Research studies have confirmed what was long suspected: Not getting enough high-quality sleep can increase a person's risk of type 2 diabetes. Poor sleep interferes with insulin production and glucose tolerance. Ironically, too much sleep can put you at risk too. Aim for seven hours of quality sleep a night.


Sleep and Type 2 Diabetes

We're all familiar with the idea that sleep is restorative; it just makes sense. When we get enough sleep, we are refreshed and renewed. It's also well known that not getting enough sleep can wreak havoc on your health. But did you know that not getting a good night's sleep can increase your risk for type 2 diabetes?
Yep, it's true. And it's not just about getting enough sleep (although that certainly is part of it). It's also about getting good sleep. Keep reading for information about the link between sleep and diabetes.

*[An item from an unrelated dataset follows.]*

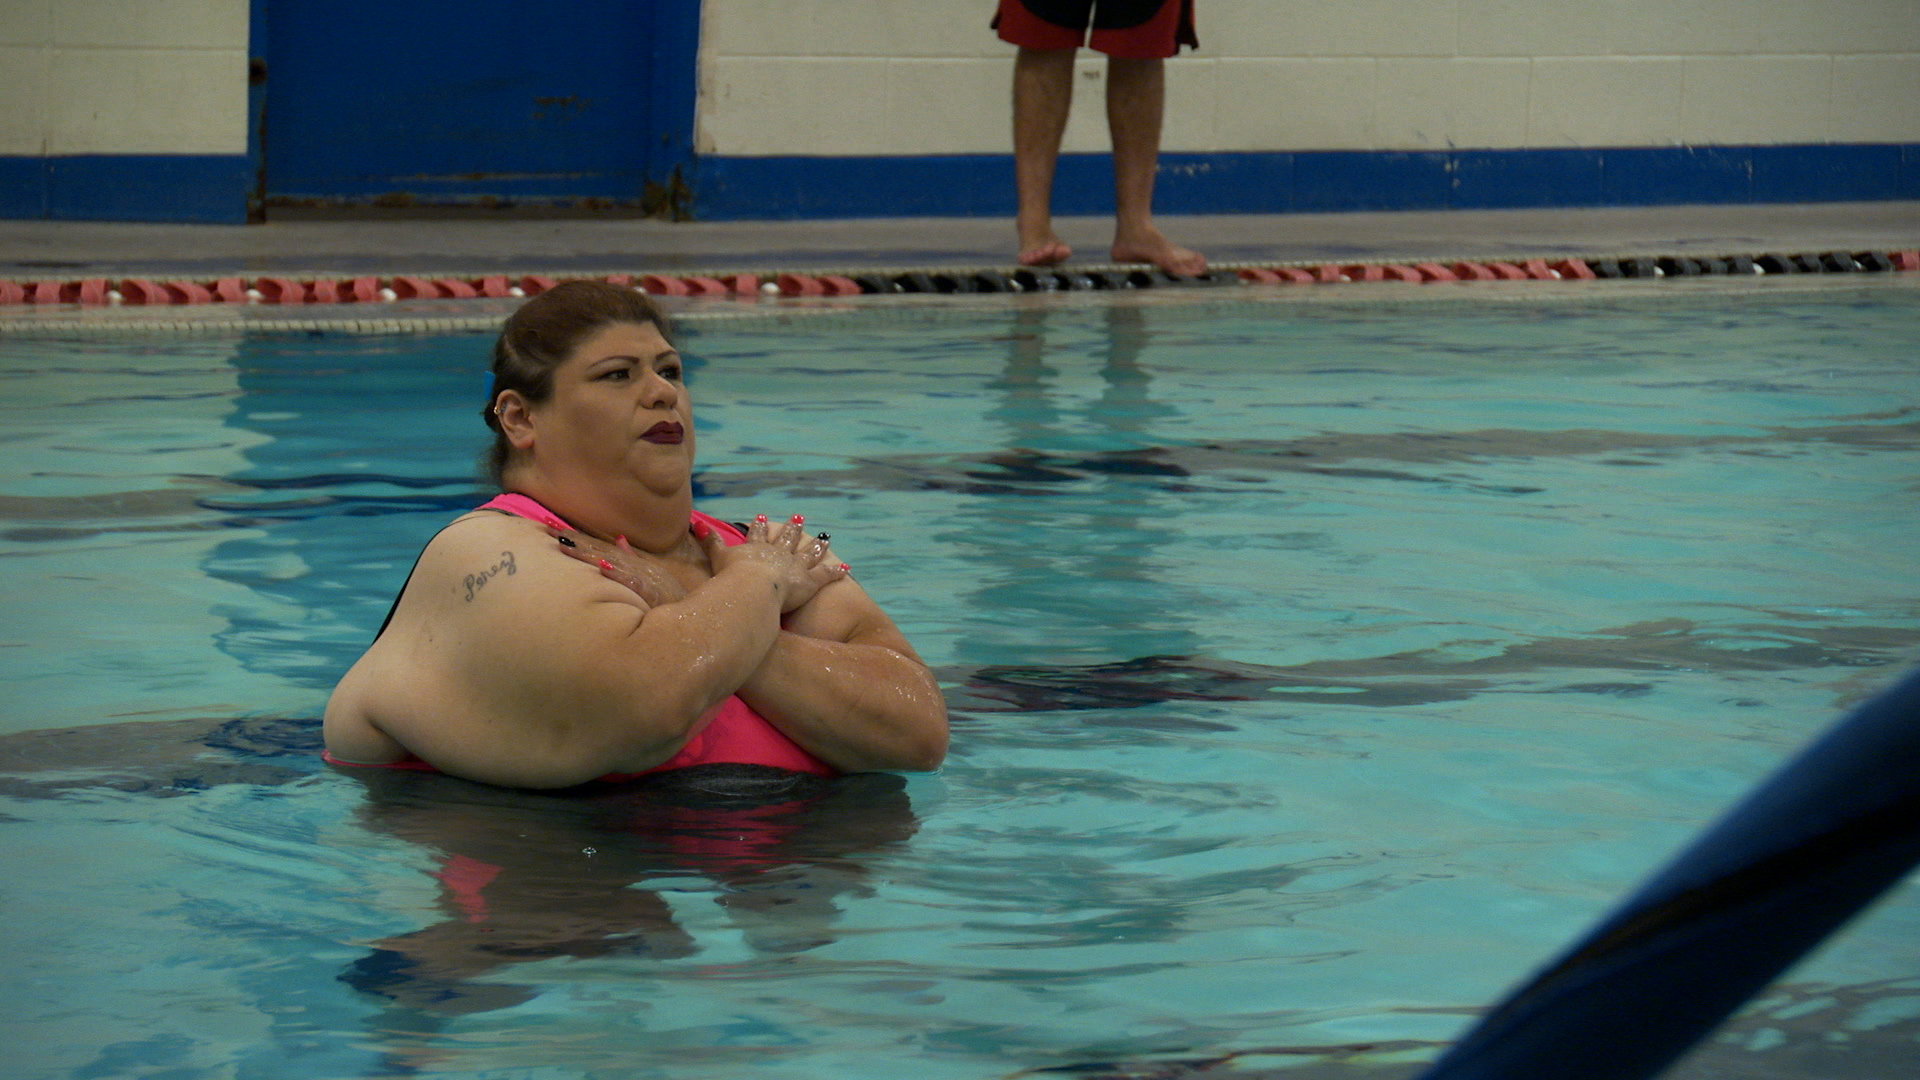 San Antonio's woman's extreme 300-pound weight loss featured on

Getting the Right Amount of Sleep

Studies show that getting too little sleep increases your risk for diabetes. For instance, one large study showed that people who usually get fewer than six hours a sleep a night have a higher risk for diabetes.
Wondering if it takes years of lack of sleep to have an effect? Studies that looked at the effects of sleep restriction in healthy adults for a short period (often just a week or two) showed that not getting enough sleep can decrease glucose tolerance and decrease insulin sensitivity, both of which would increase the risk of diabetes. Afterwards, when people were allowed to "catch up" on their sleep, their glucose metabolism returned to normal. However, if you make it a regular habit to short-change your sleep, your body might not have a chance to return to normal.
Are you the type who gets a long night of rest each night? Before you start gloating, take note: Studies also showed that too much sleep increases the risk for type 2 diabetes. How much is too much? One study showed that more than nine hours a night is too much, at least in terms of type 2 diabetes risk.